Los organismos biológicos, órganos, tejidos y células tienen un amplio rango dinámico de abundancia de proteínas. Aunque es importante saber qué proteínas se expresan en un determinado sistema como consecuencia de su genoma, estas proteínas están presentes en diferentes cantidades, y solo un número limitado se ve afectado durante un evento fisiológico. Esto puede incluir una etapa de desarrollo, diferenciación, episodio o trastorno degenerativo, entre otros. Por lo tanto, los estudios proteómicos ya no están interesados solo en qué proteínas están presentes en un momento dado, sino también qué proteínas y en qué cantidad tienen sus niveles de expresión afectados como consecuencia de un estímulo, lesión, enfermedad u otro evento.
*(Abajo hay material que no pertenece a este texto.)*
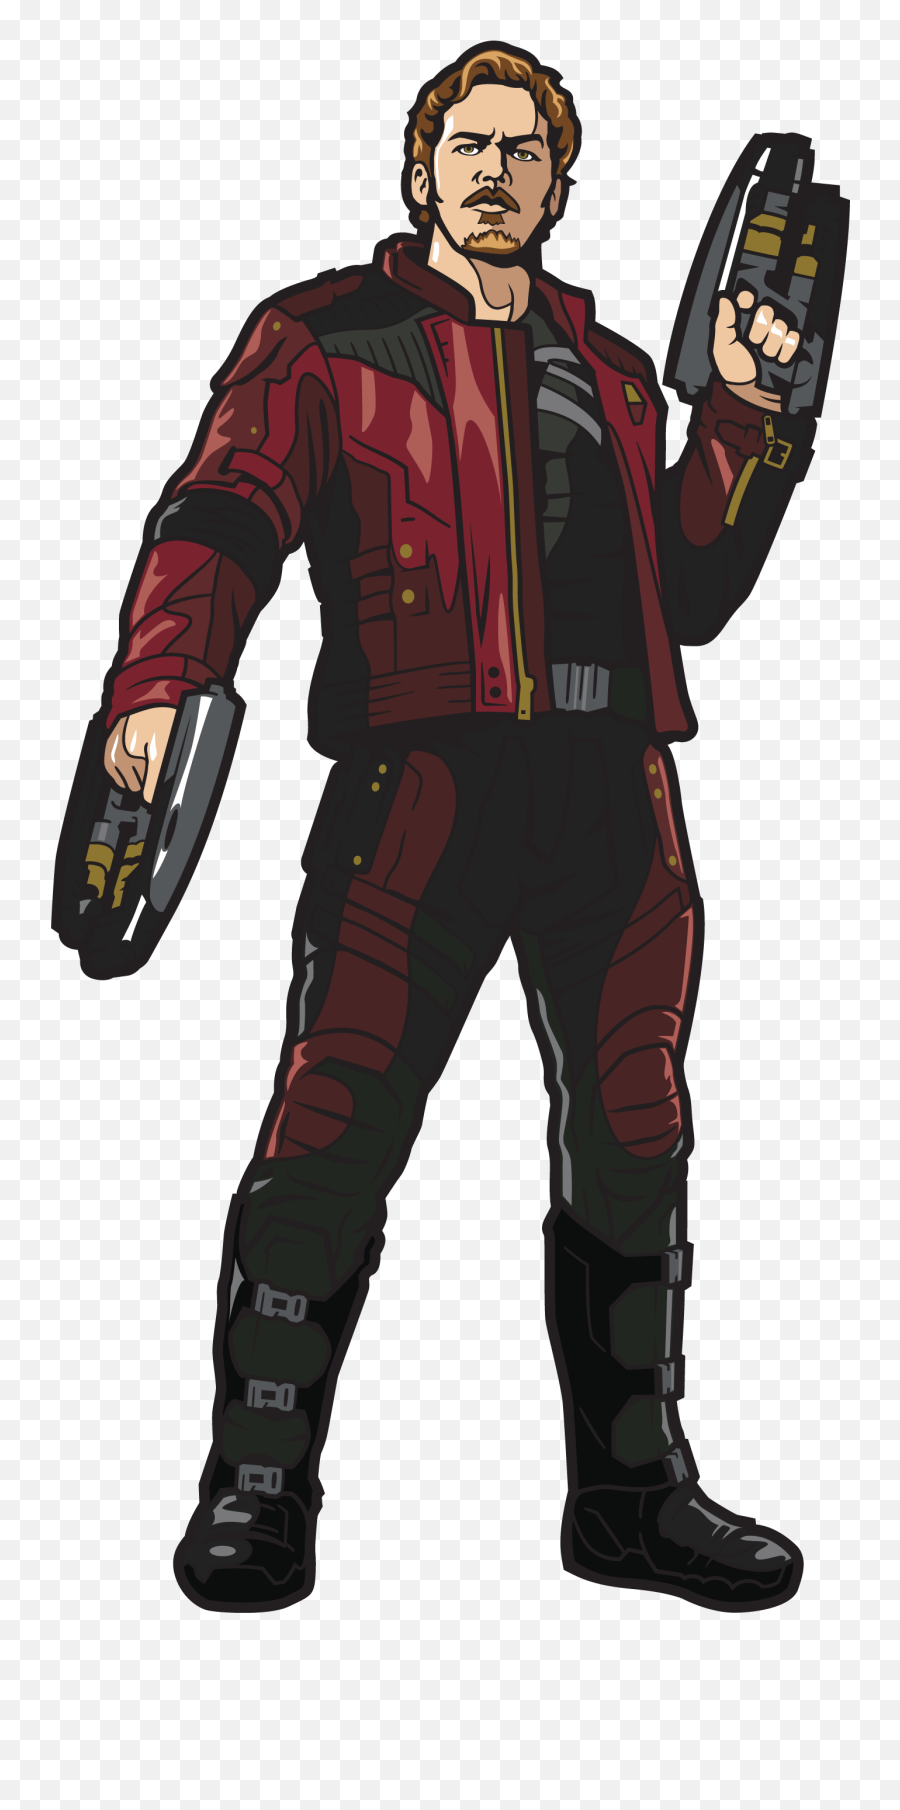 Avengers Infinity War Star Lord Png Transparent Cartoon - Infinity War Lego Star Lord Emoji,Avengers Infinity War Logo

Para abordar las preguntas de qué proteínas están implicadas, por cuánto y lo que es más importante, qué isoformas lo están, se pueden emplear técnicas de fraccionamiento de proteínas para aumentar el poder de resolución y discriminar aún más entre diferentes isoformas de proteínas, como son el 2D-PAGE, la cromatografía de exclusión por tamaño [SEC], la cromatografía líquida de fase reversa [RPLC], las columnas de intercambio catiónico [SCX] y el isoelectroenfoque [IEF]. Sin embargo, las técnicas de fraccionamiento de proteínas son desafiantes y el análisis de proteína intacta top-down en cromatografía líquida sigue siendo difícil.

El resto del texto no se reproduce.